◆ YOUR INSTRUCTIONS
Set down the whole listing below exactly. The pictures stay out.

◆ COLLECTED DATA

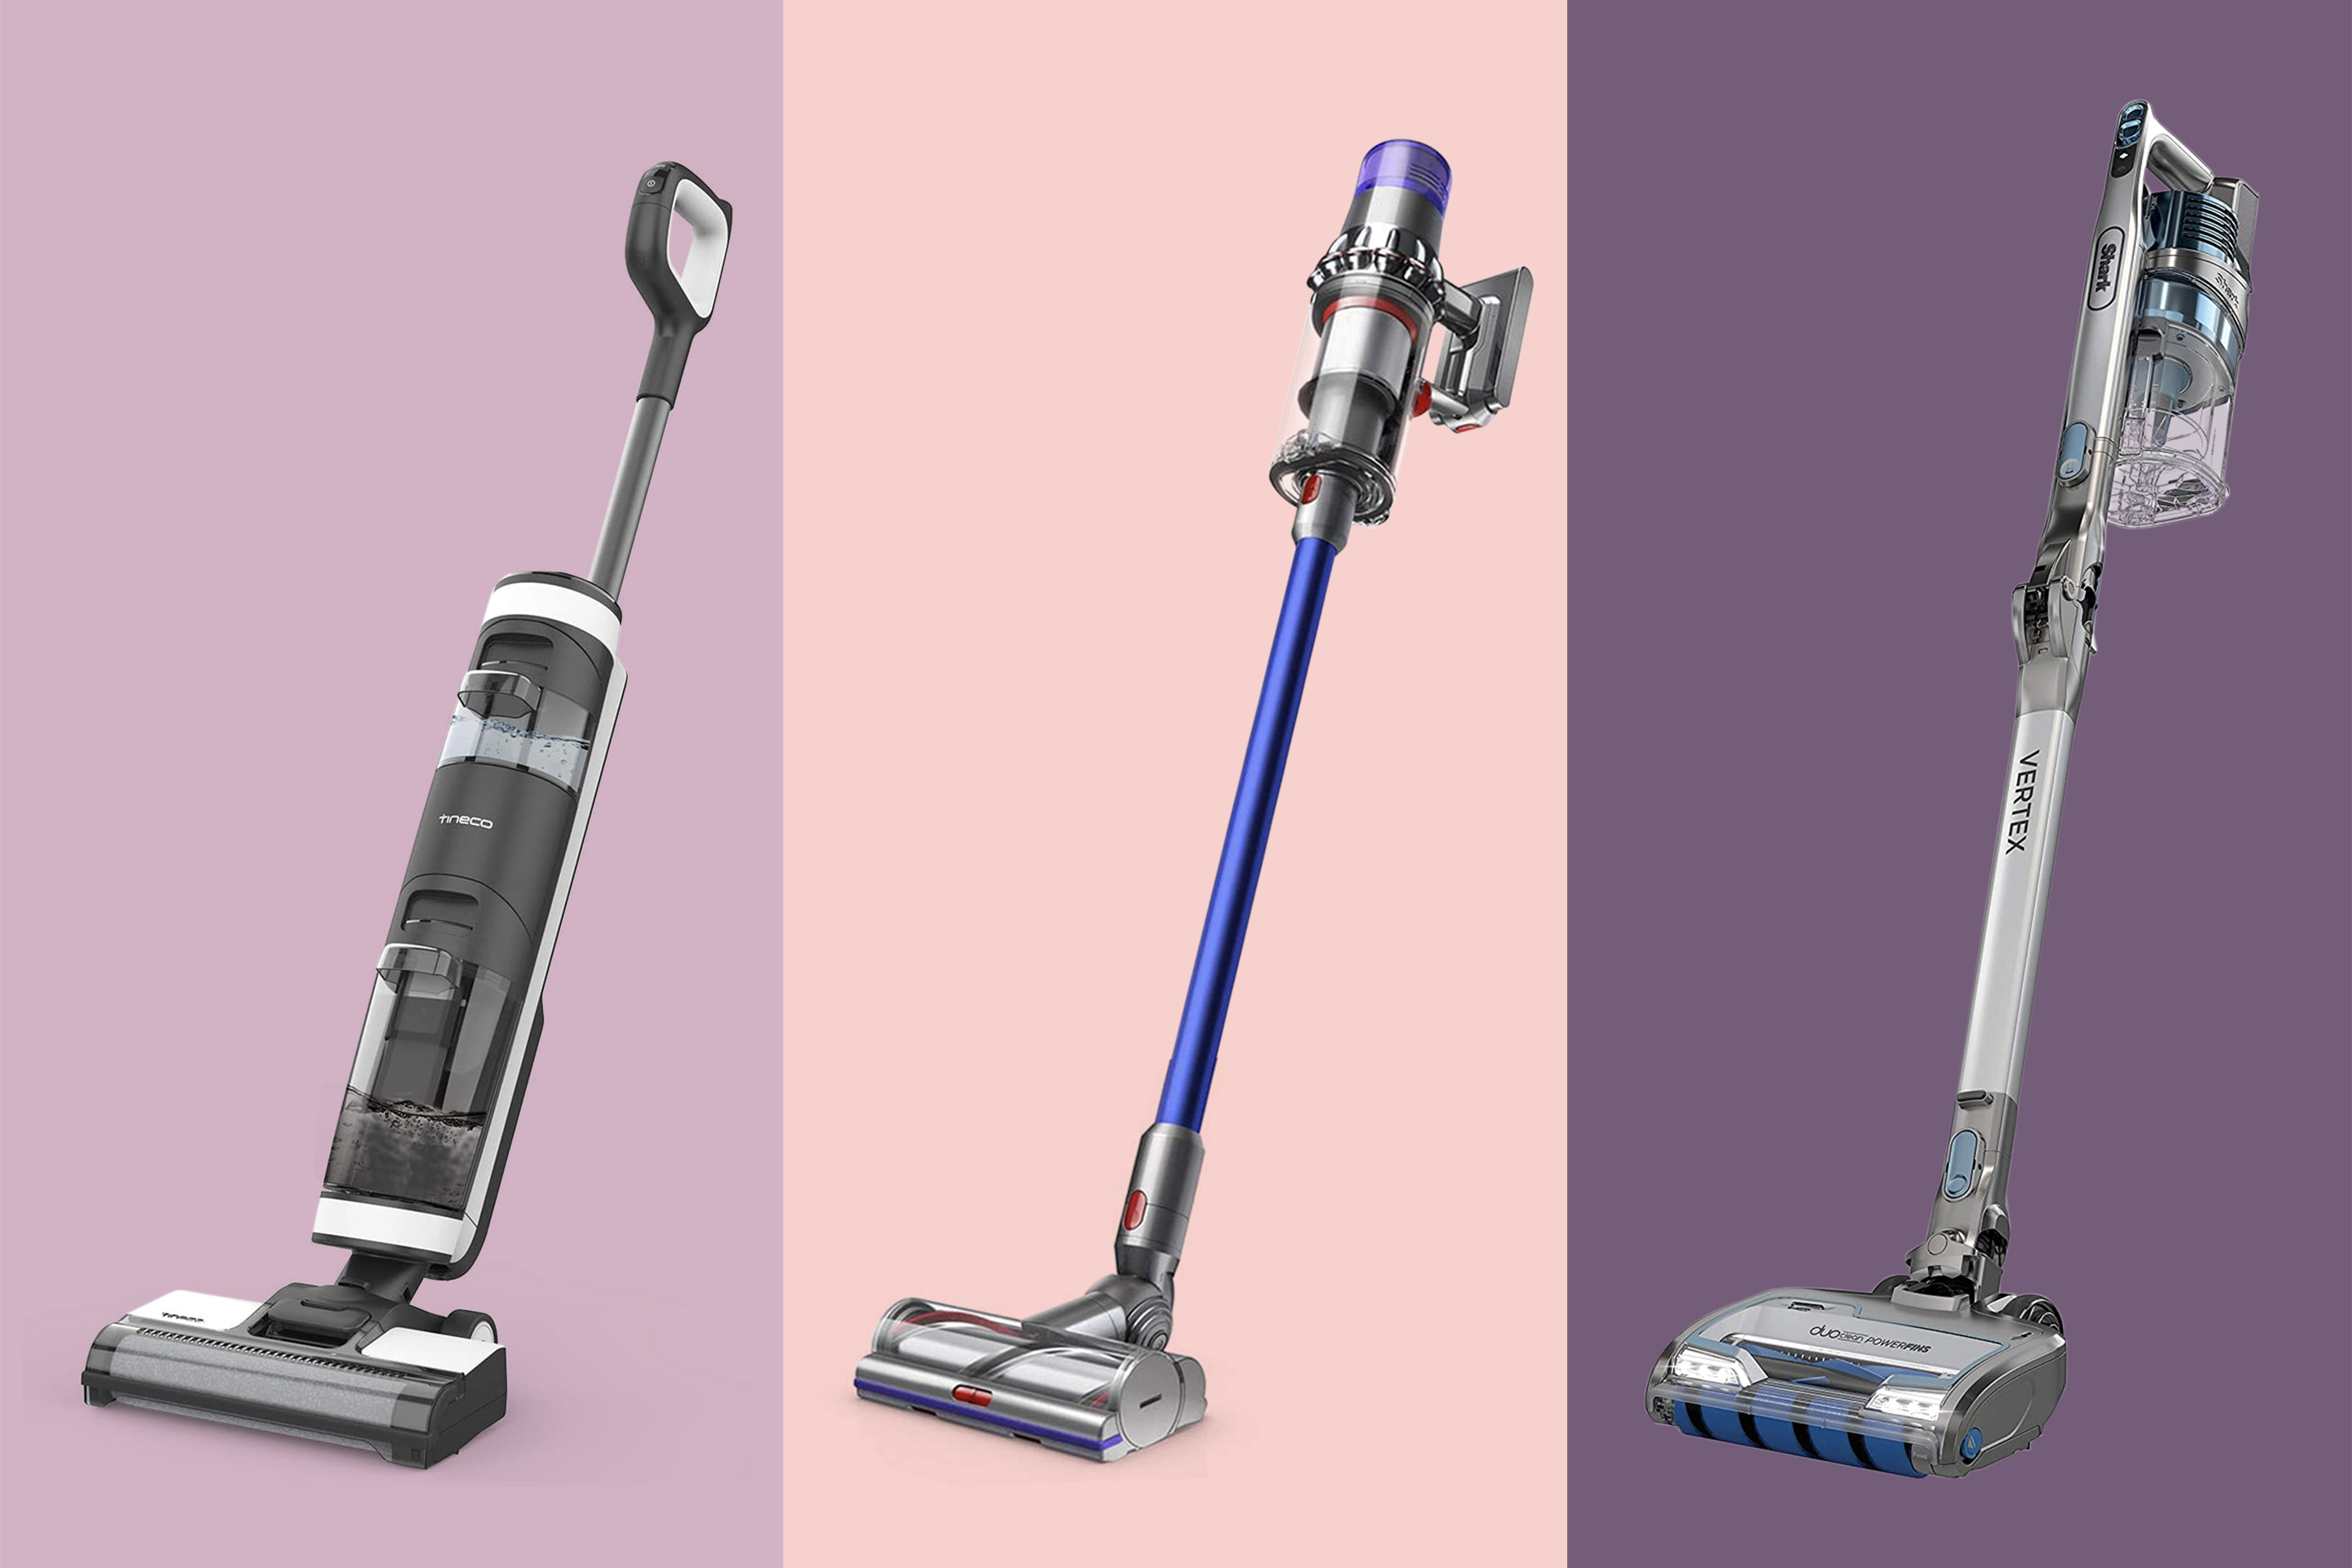 Best Cordless Vacuum Cleaner For 2021, Best Cordless Vacuum Cleaner For Tile Floors
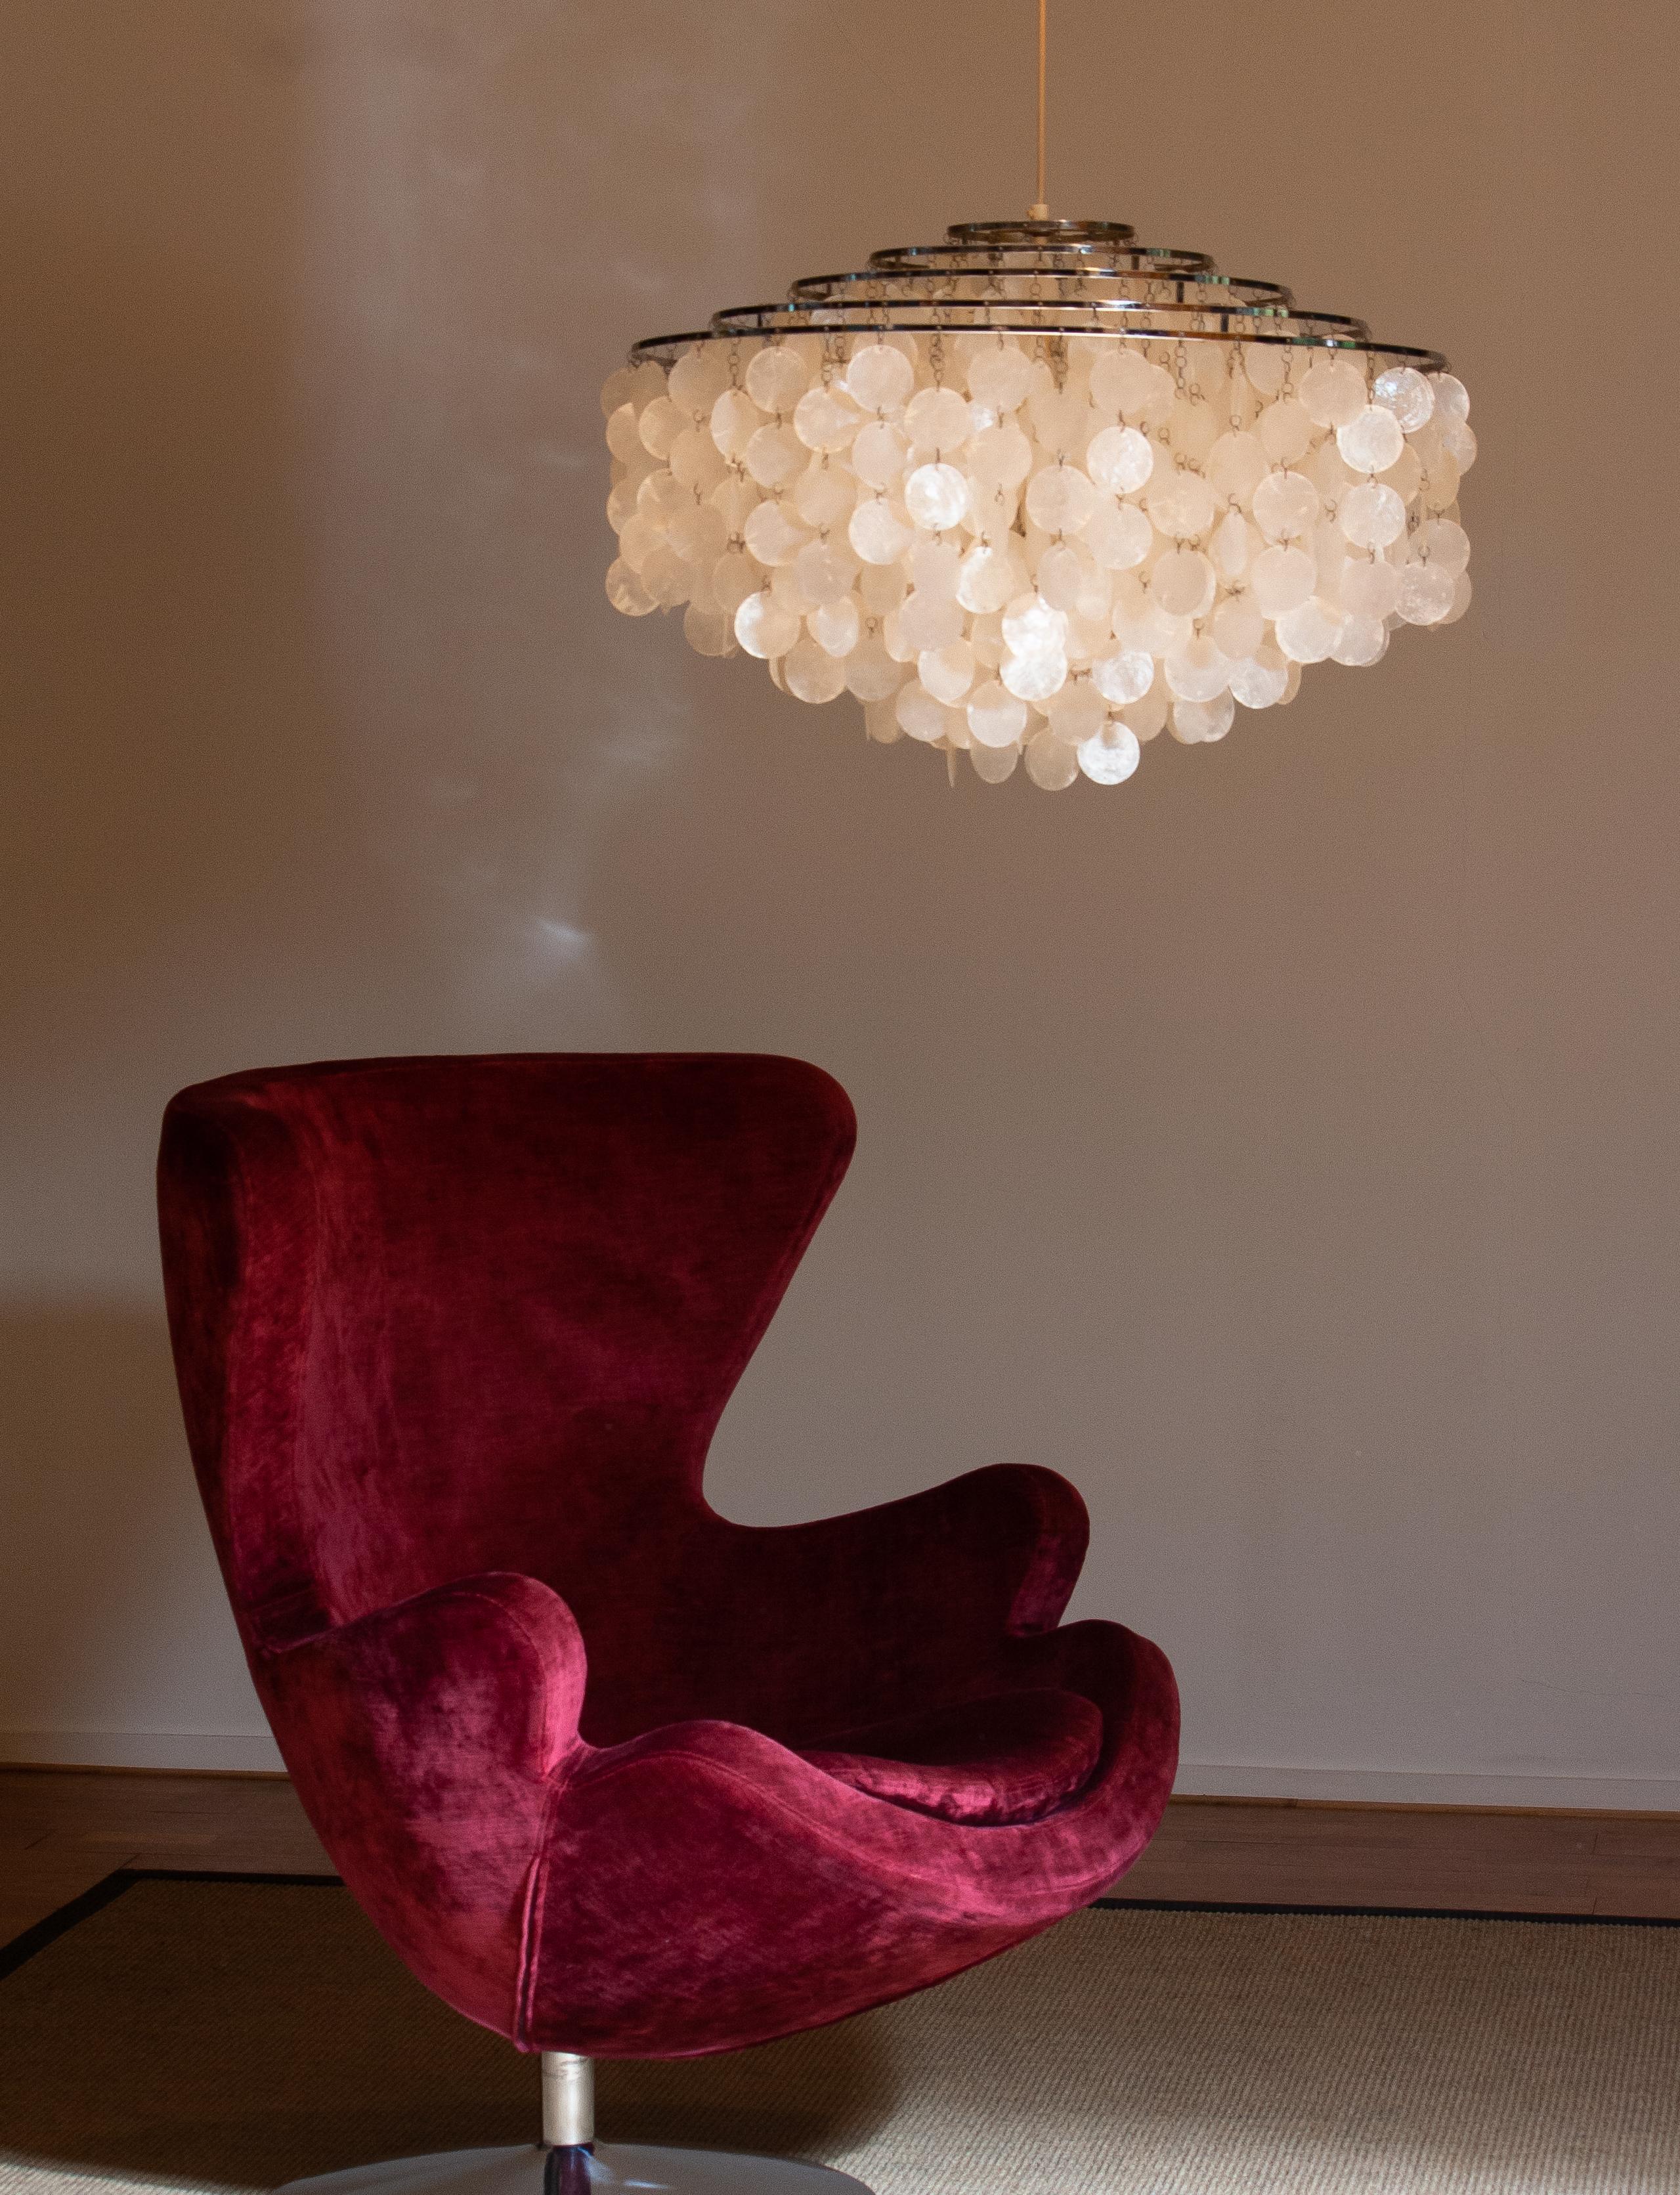 Pair of Extra Large Capiz Shell Chandeliers by Verner Panton for Luber AG. Swiss 6
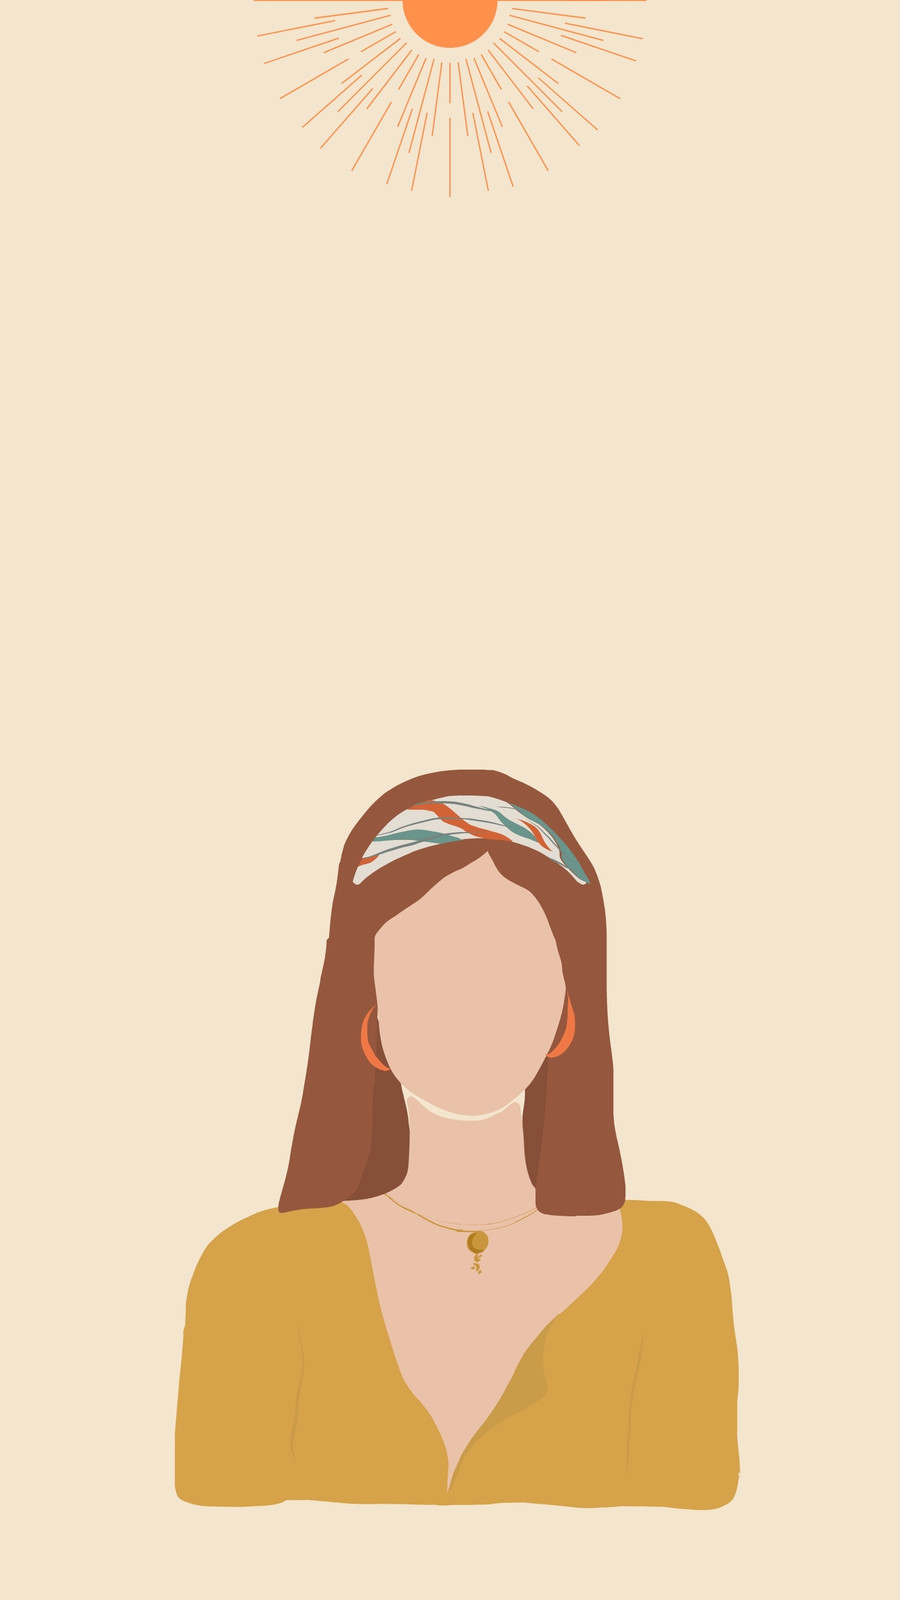 Free Minimalist Abstract Aesthetic Woman Mobile Wallpaper template

◆ RESPONSE TO THIS TASK
 Best Cordless Vacuum Cleaner For 2021, Best Cordless Vacuum Cleaner For Tile Floors
 Pair of Extra Large Capiz Shell Chandeliers by Verner Panton for Luber AG. Swiss 6
 Free Minimalist Abstract Aesthetic Woman Mobile Wallpaper template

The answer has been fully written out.